The political objective must be state power by winning
elections to the House of Representatives.
In the
House of Representatives, our [working] class party would author
legislation for fighting unemployment by way of reducing the
hours of the working day from surplus to necessary labor time —
say to a 5 hour working day — with continual reductions
in the hours of the working day with every technological advance
in labor productivity.
Furthermore, our [working] class party
could author
legislation to open borders (that could potentially and
immediately bring immigrant workers into the trades unions),
legislate a living wage at median income (about $25 an hour),
legislate universal health care (financed by the profits of
capital, which profits, in the first place, are derived from the
exploitation of wage-labor by capital), and legislate open
enrollment of college students with resulting free college and
university education and training.
All of this legislation would be financed by the profits
of capital. The
American laboring classes would begin to benefit from the wealth
we create, and from increasing productivity.
When
the American working class views Labor Party partisans on CSPAN — fighting for working class legislation, and debating with
Democrats and Republicans — Labor Party membership and
Congressional representatives would increase geometrically.
The growth of the Labor Party would force Democrats and
Republicans out of the House of Representatives
— including the
so-called Congressional Black Caucus and the Latino Caucus.
In 10 years, the Labor Party could have the majority in
the House of Representatives.
At that time, the class war will change qualitatively as
the working-class begins to battle in the House of
Representatives and on CSPN every day.
The growth of an American Labor Party, and of Labor Party
partisans in the House of Representatives, would peak the
interests of American workers.
Class
conscious workers would then start reading the Labor Party Press, rather
than the bourgeois New York Times.
This qualitative change in class-consciousness spreading
quantitatively across America will result in quantitative
changes in Labor Party members in the House of Representatives.
Though the American Labor Party
dominated the House of
Representatives, the Senate, the Presidency, and the Judiciary
would continue to represent the capitalist class. Struggles between the House and Senate will become open class war that will further educate and evolve the American
working-class into a class-conscious proletariat.

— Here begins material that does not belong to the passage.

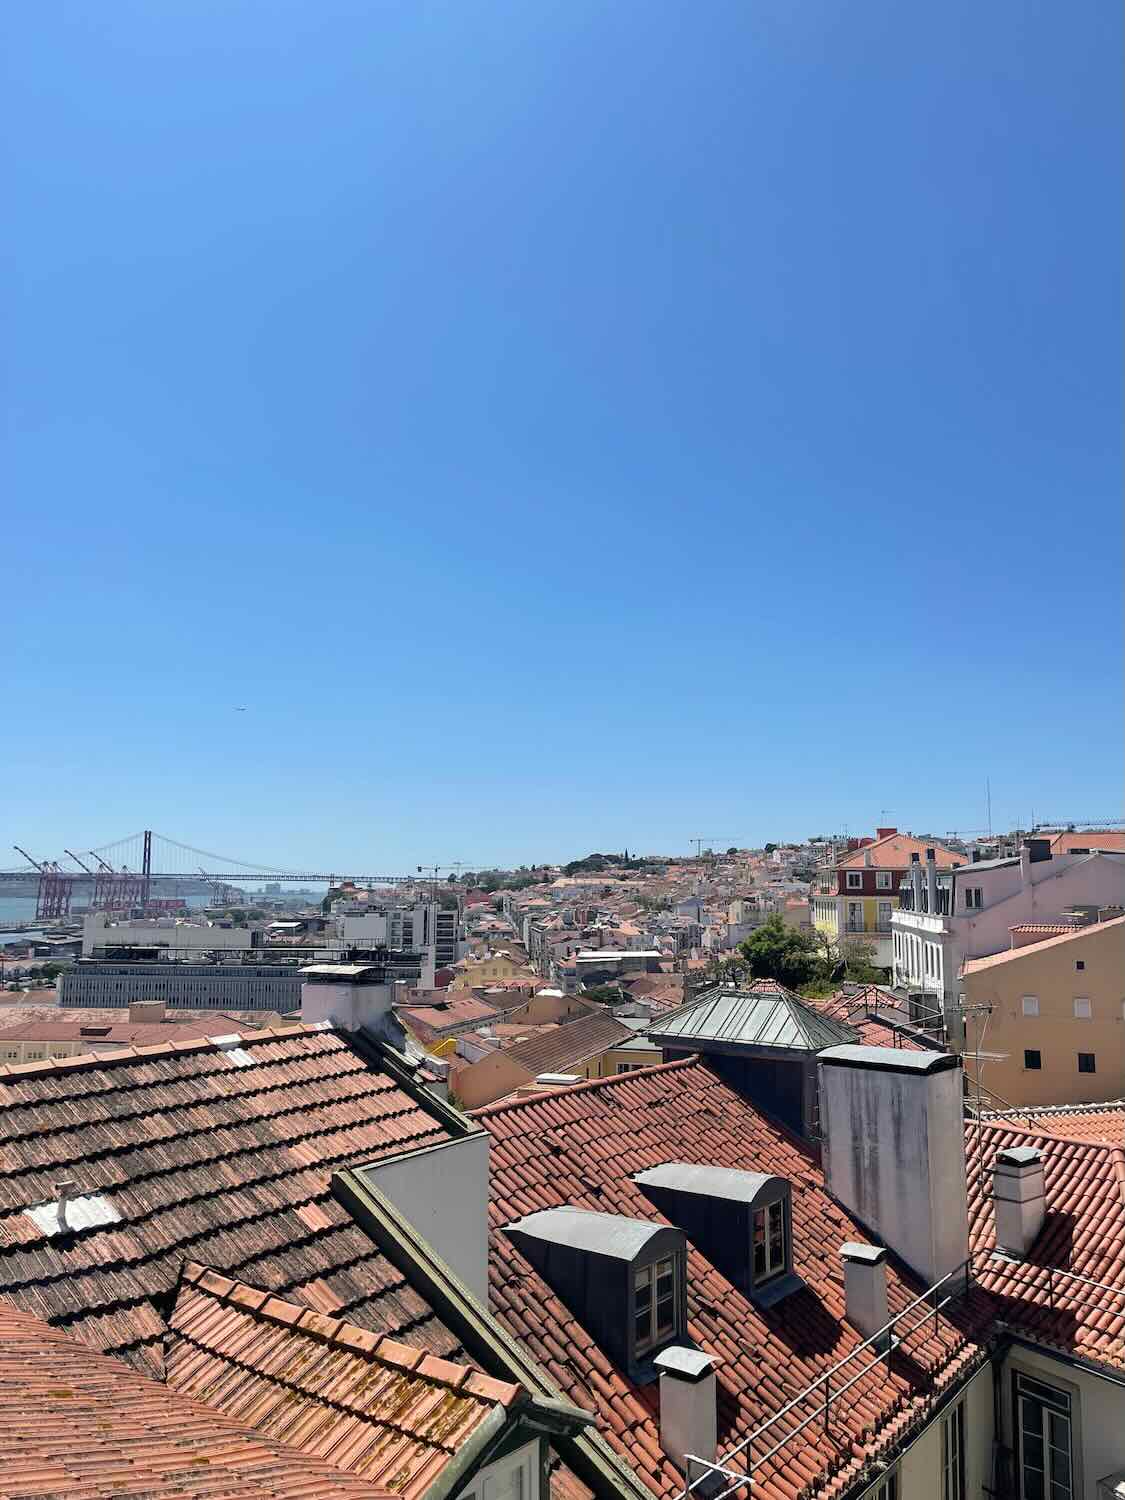 A rooftop view over Lisbon's terracotta roofs, with the 25 de Abril Bridge in the distance, under a clear blue sky, showcasing the city's topography.

The House of Representatives will derive the practical
necessity to legislate the abolition of the Senate, Presidency
and Judiciary, and call a new Constitutional Convention of
workers, farmers, and ethnic minorities to write a New
Constitution.
If in
the course of this struggle the Pentagon dismisses the civilian
government — and they will — the elected worker-legislators
and trade unions would have the elected authority to call a
general strike, and to call on the rank and file of the U.S.
military to reject the officer core, side with the striking
workers, and to support the duly passed legislation of the House
of Representatives.
If this results in civil war it
will be class war, and not race war.